Не все соглашались с Толстым, даже после того, как другая статья, как сообщается, композитора вторила взглядам Толстого. Борис Асафьев писал: «Эта неурегулированная, чувствительная, вызывающая воспоминания музыка, которая вдохновляет такой гигантский конфликт, воспринимается как правдивый рассказ о проблемах, с которыми сталкивается современный человек — не один человек или несколько, а все человечество». [18]
Во время первого исполнения симфонии, как сообщается, люди плакали во время части Largo . [19] Музыка, пропитанная атмосферой траура, содержала отголоски панихиды , русского православного реквиема . Она также напоминала жанр русских симфонических произведений, написанных в память об умерших, включая произведения Глазунова , Штейнберга , Римского-Корсакова и Стравинского .
После исполнения симфонии в Москве Генрих Нейгауз назвал произведение «глубокой, содержательной, захватывающей музыкой, классической по цельности своего замысла, совершенной по форме и мастерству оркестрового письма, — музыкой, поражающей своей новизной и оригинальностью, но в то же время какой-то навязчиво знакомой, настолько правдиво и искренне она повествует о человеческих чувствах» [20] .
Шостакович вернулся к традиционной четырехчастной форме и оркестру нормального размера. Что еще более показательно, он организовал каждую часть по четким линиям, придя к выводу, что симфония не может быть жизнеспособным произведением без четкой архитектуры. Гармонический язык в Пятой менее строг, более тональный, чем раньше, а тематический материал более доступен.
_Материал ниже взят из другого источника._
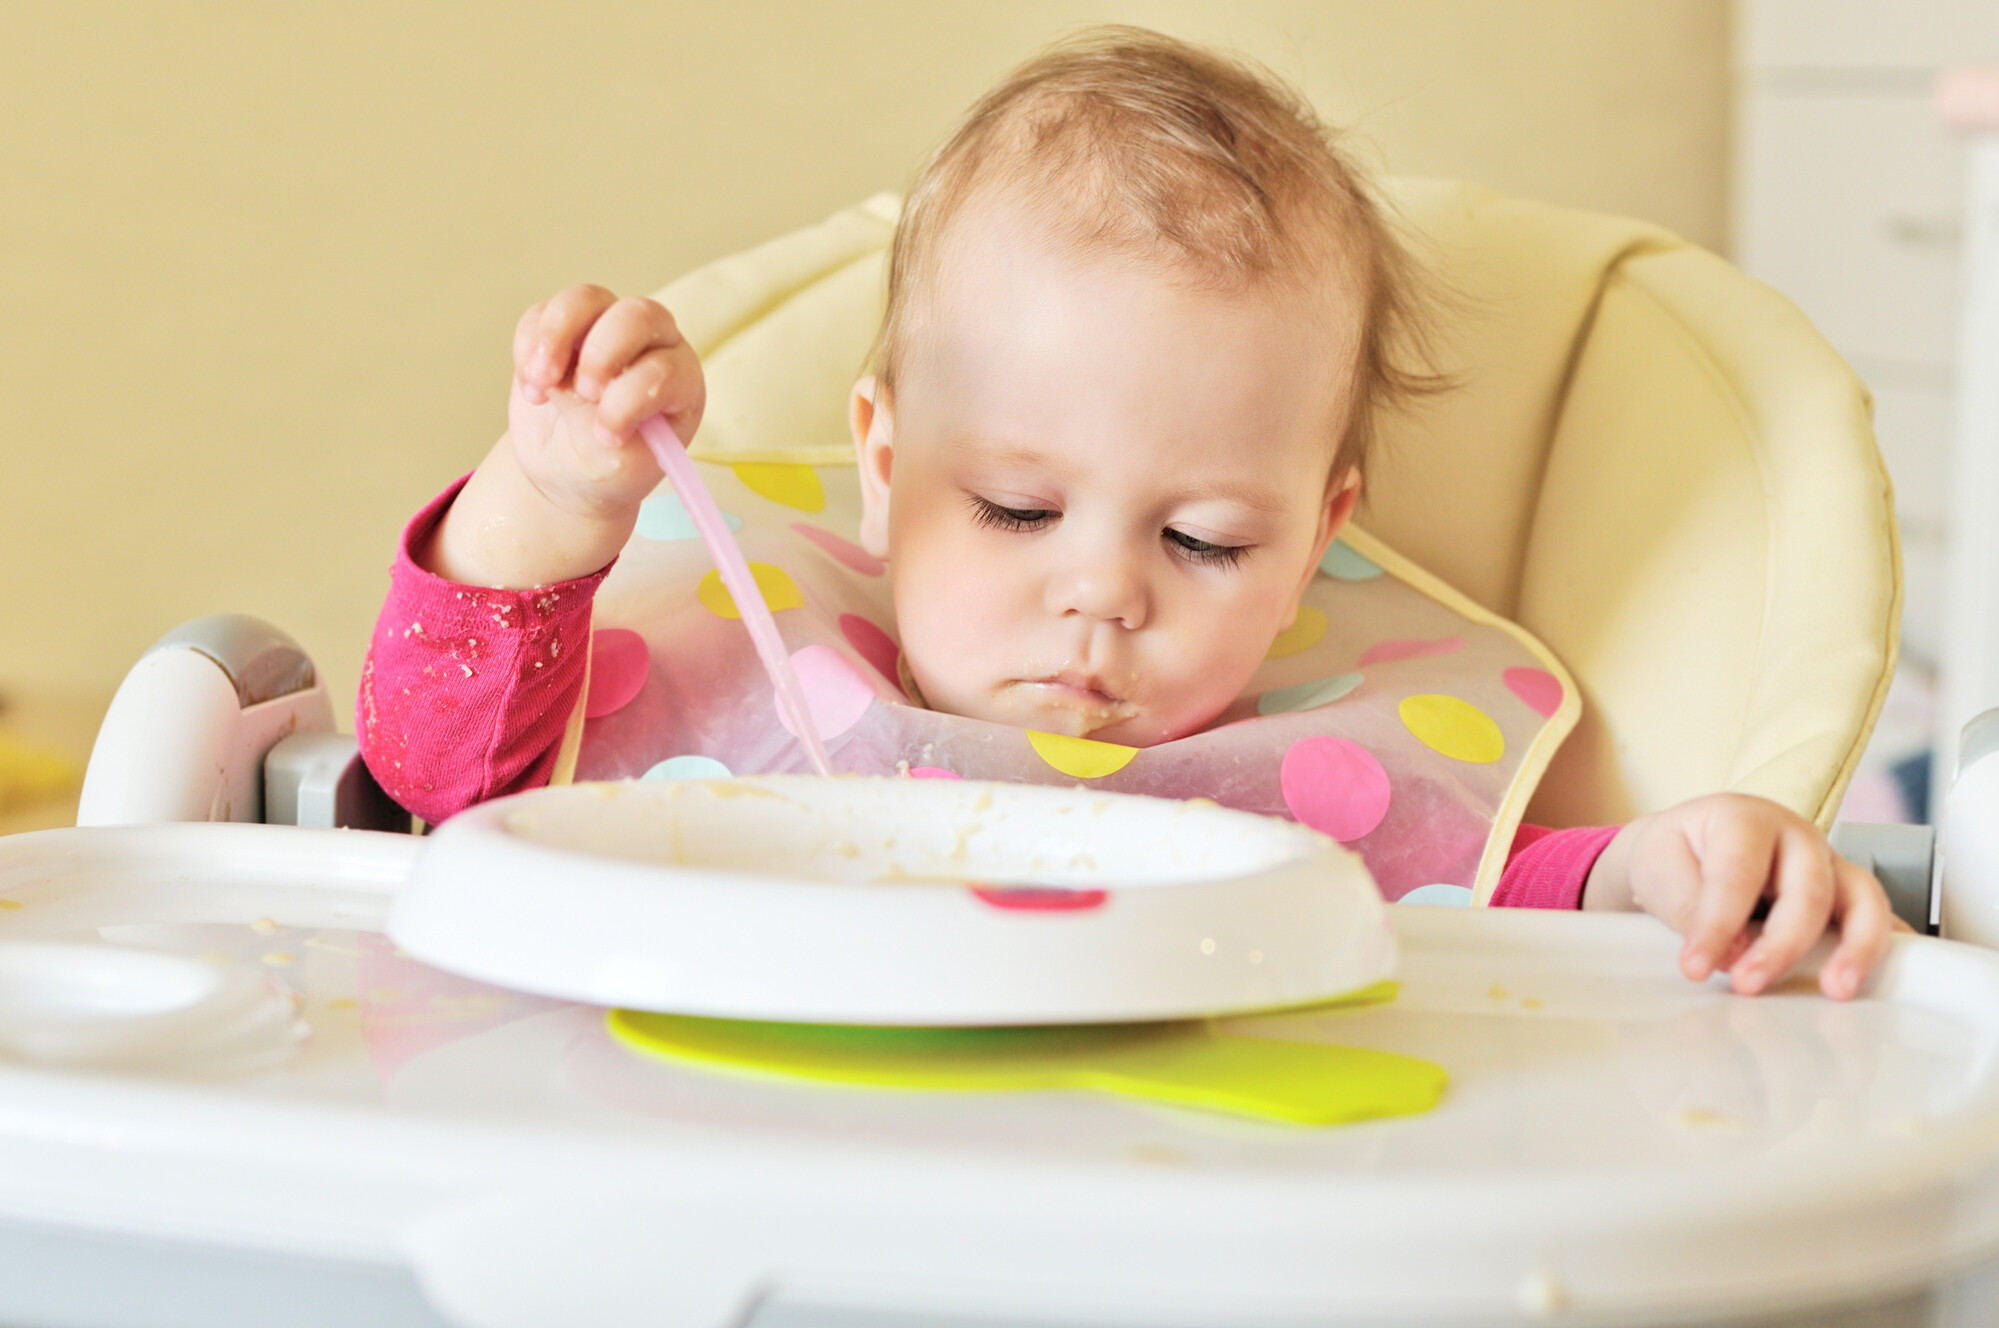 Mon enfant refuse de manger : 5 situations à la loupe

Было сказано, что в Пятой симфонии лучшие качества музыки Шостаковича, такие как медитация, юмор и величие, сочетаются в идеальном равновесии и самореализации. [1]
Финальная часть в «Свидетельстве» объявляется пародией на пронзительность, представляющей «принудительное ликование». В словах, приписываемых композитору в «Свидетельстве» (произведении, подлинность которого подвергалась сомнению [21] [ 22] ):
Радость вынужденная, созданная под угрозой, как в «Борисе Годунове» . Как будто кто-то бьет тебя палкой и говорит: «Твое дело радоваться, твое дело радоваться», а ты встаешь, шатаясь, и маршируешь, бормоча: «Наше дело радоваться, наше дело радоваться». [23]
Пятая симфония — одна из самых исполняемых симфоний Шостаковича. [24]
Среди рецензий, часто очень обстоятельно анализировавших это произведение, особую радость доставила мне одна, где говорилось, что пятая симфония — это деловой творческий ответ советского художника на справедливую критику.